From dd810c53429a4f6693357711831afd9a918c72ba Mon Sep 17 00:00:00 2001
From: Arnaud Vrac <rawoul@gmail.com>
Date: Thu, 25 Nov 2021 22:51:36 +0100
Subject: [PATCH 1/2] Allow client to use port 0 when requesting reverse port
 forwarding

Bind the port to forward before calling the ReversePortForwardingCallback
callback, with the actual bound port instead of 0.
---
 tcpip.go | 7 ++++---
 1 file changed, 4 insertions(+), 3 deletions(-)
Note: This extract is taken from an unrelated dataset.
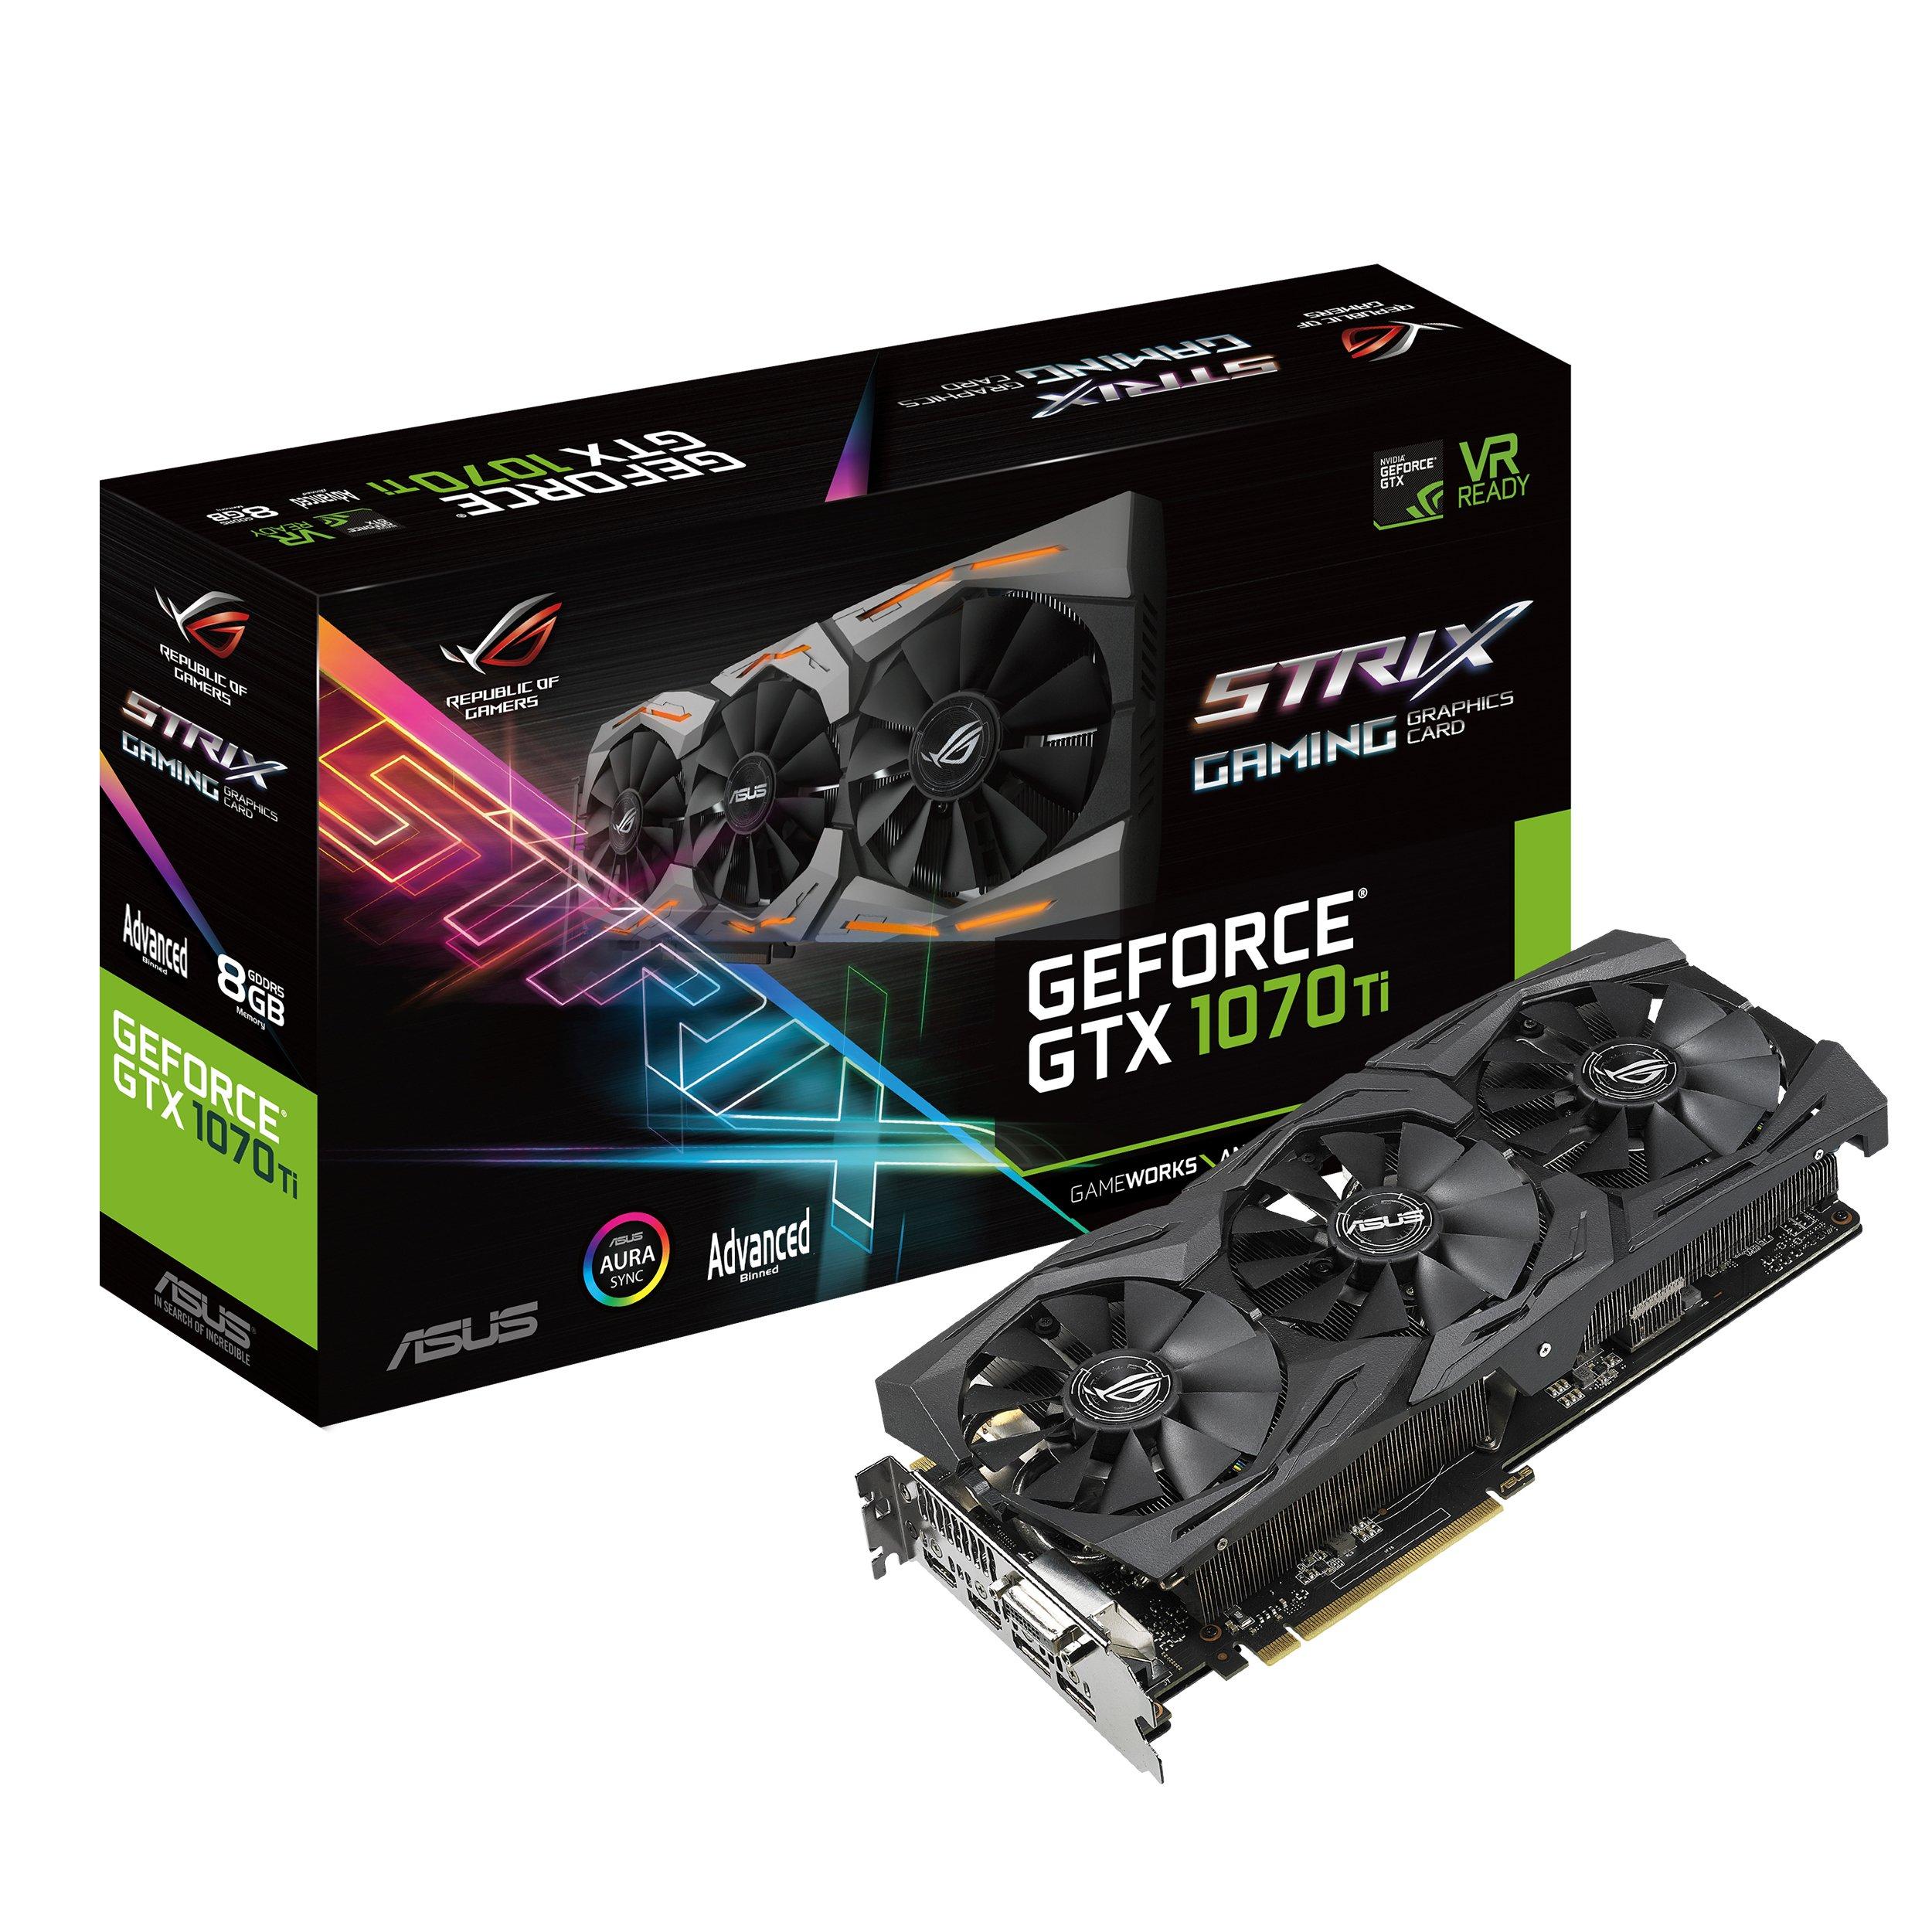 ASUS ROG Strix GeForce GTX 1070 Ti 8GB GDDR5 Advanced Edition VR Ready DP HDMI DVI Gaming Graphics Card (ROG-STRIX-GTX1070TI-A8G-GAMING) by Asus

diff --git a/tcpip.go b/tcpip.go
index 335fda6..75b6336 100644
--- a/tcpip.go
+++ b/tcpip.go
@@ -108,9 +108,6 @@ func (h *ForwardedTCPHandler) HandleSSHRequest(ctx Context, srv *Server, req *go
 			// TODO: log parse failure
 			return false, []byte{}
 		}
-		if srv.ReversePortForwardingCallback == nil || !srv.ReversePortForwardingCallback(ctx, reqPayload.BindAddr, reqPayload.BindPort) {
-			return false, []byte("port forwarding is disabled")
-		}
 		addr := net.JoinHostPort(reqPayload.BindAddr, strconv.Itoa(int(reqPayload.BindPort)))
 		ln, err := net.Listen("tcp", addr)
 		if err != nil {
@@ -119,6 +116,10 @@ func (h *ForwardedTCPHandler) HandleSSHRequest(ctx Context, srv *Server, req *go
 		}
 		_, destPortStr, _ := net.SplitHostPort(ln.Addr().String())
 		destPort, _ := strconv.Atoi(destPortStr)
+		if srv.ReversePortForwardingCallback == nil || !srv.ReversePortForwardingCallback(ctx, reqPayload.BindAddr, uint32(destPort)) {
+			ln.Close()
+			return false, []byte("port forwarding is disabled")
+		}
 		h.Lock()
 		h.forwards[addr] = ln
 		h.Unlock()

From 4965f6344a01171a6004d727632d56fce1d3a63c Mon Sep 17 00:00:00 2001
From: Nicolas Escande <nescande@freebox.fr>
Date: Fri, 13 Oct 2023 11:45:18 +0200
Subject: [PATCH 2/2] fix multiple ports forward requests to port 0

---
 tcpip.go | 5 ++++-
 1 file changed, 4 insertions(+), 1 deletion(-)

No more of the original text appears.